As attorney-general, he prosecuted in a number of celebrated trials, including that of the traitor William Joyce (Lord Haw-Haw).

Hartley William Shawcross was educated at Dulwich College, where he preached socialism in the debating society (he joined the Labour Party at the age of 16). After taking a short course at the London School of Economics, he studied at the University of Geneva.

On his return to England, he studied for the Bar at Gray's Inn, winning first-class honours in all his examinations.

His first wife Alberta, who suffered from multiple sclerosis, killed herself to spare him the task of looking after her. His second wife Joan, the mother of his three children, died in 1974 after being kicked by a horse.

From April 1951 until Labour went out of office the following autumn, Lord Shawcross was President of the Board of Trade.

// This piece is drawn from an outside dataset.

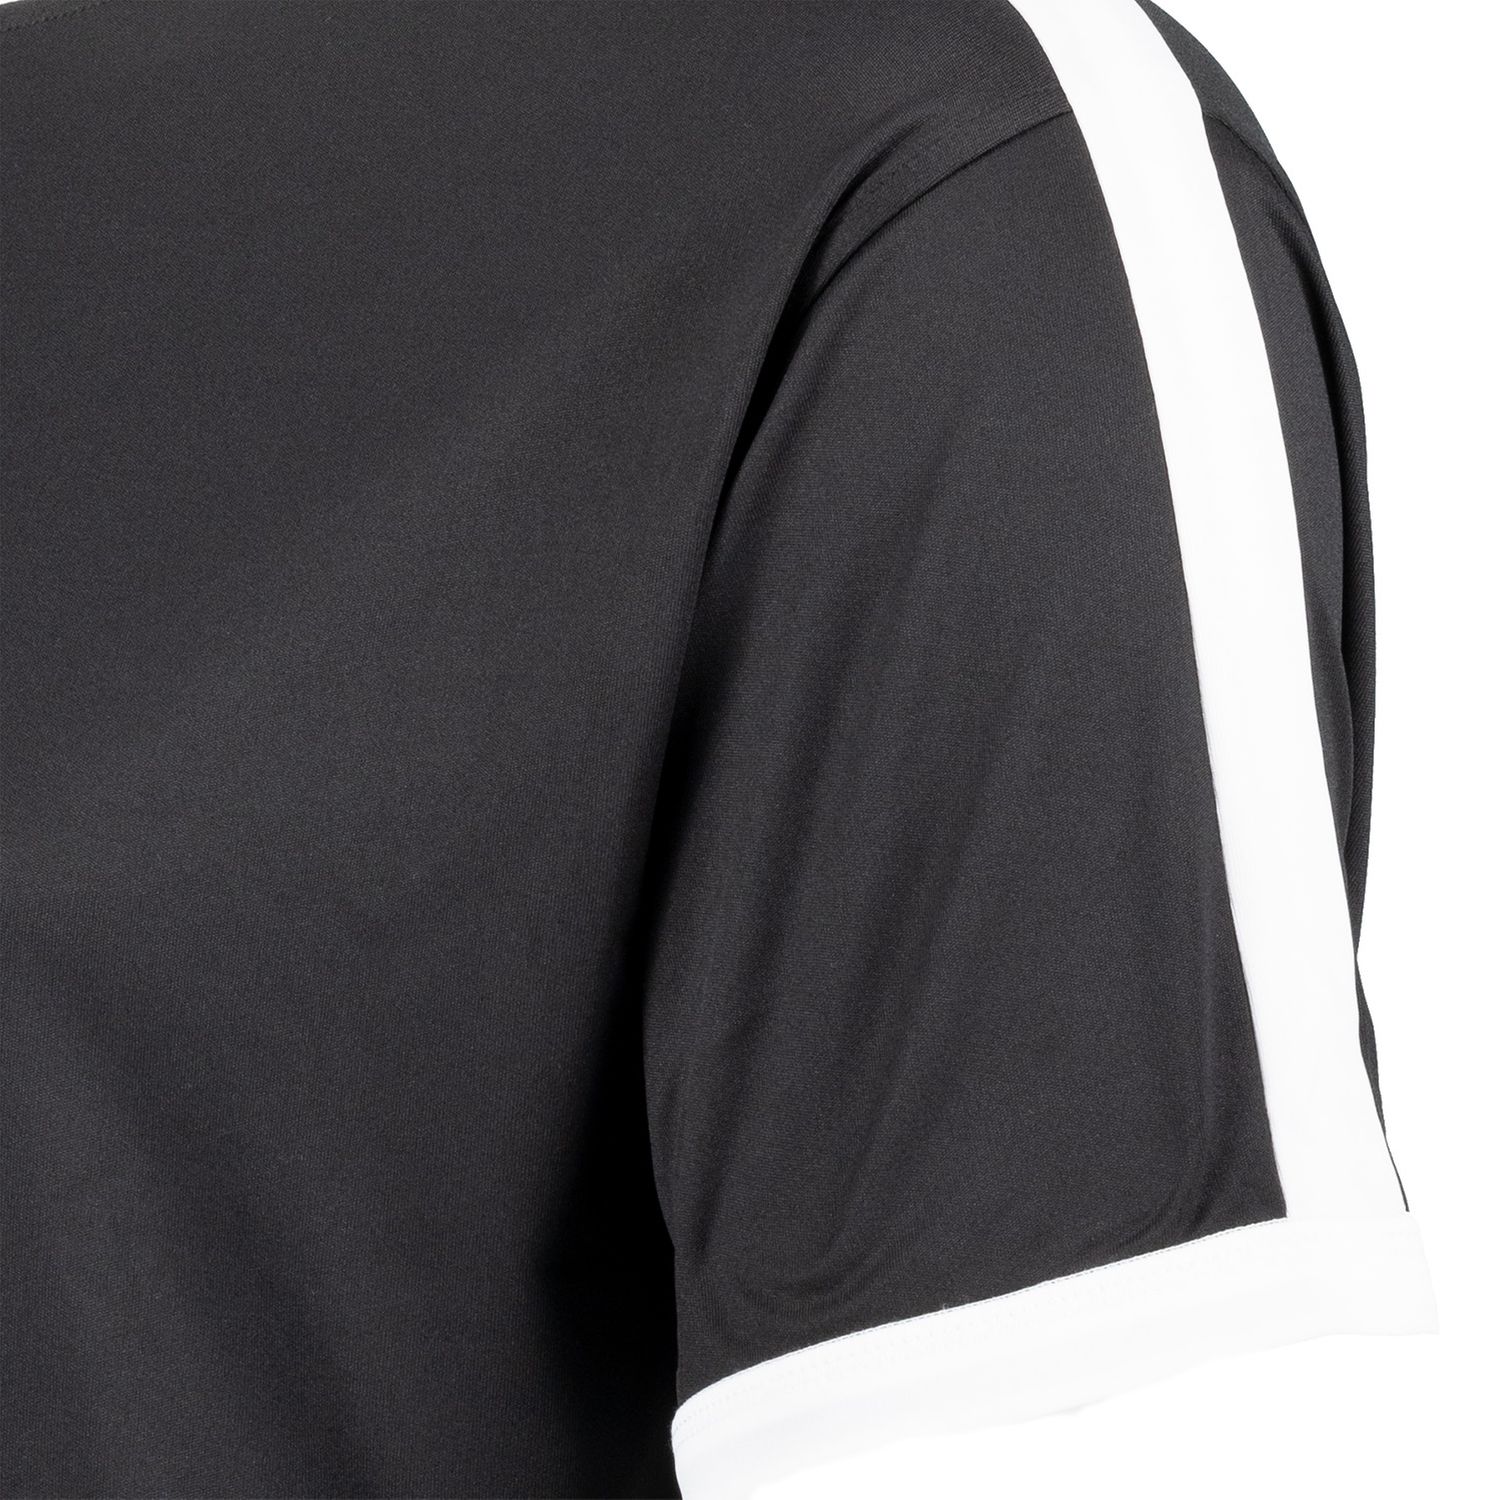 Black functional shirt for men by Adamo series "Marco" COMFORT FIT in oversizes up to 12XL

At the peak of his legal career in the mid-1950s, he was earning up to pounds 60,000 a year at the Bar, an incredible sum in those days (although much of it disappeared in taxation).

In 1957, he announced he was quitting the Bar and the House of Commons after learning that a law was to be passed revoking the right of barristers to collect unpaid fees when they retired.

Shawcross had jobs with Shell and Ford, became chairman of the Press Council and a takeover panel, and sat on the board of the Times.

He died at home in East Sussex on July 10,2003 at the age of 101, the last surviving member of Clement Attlee's government.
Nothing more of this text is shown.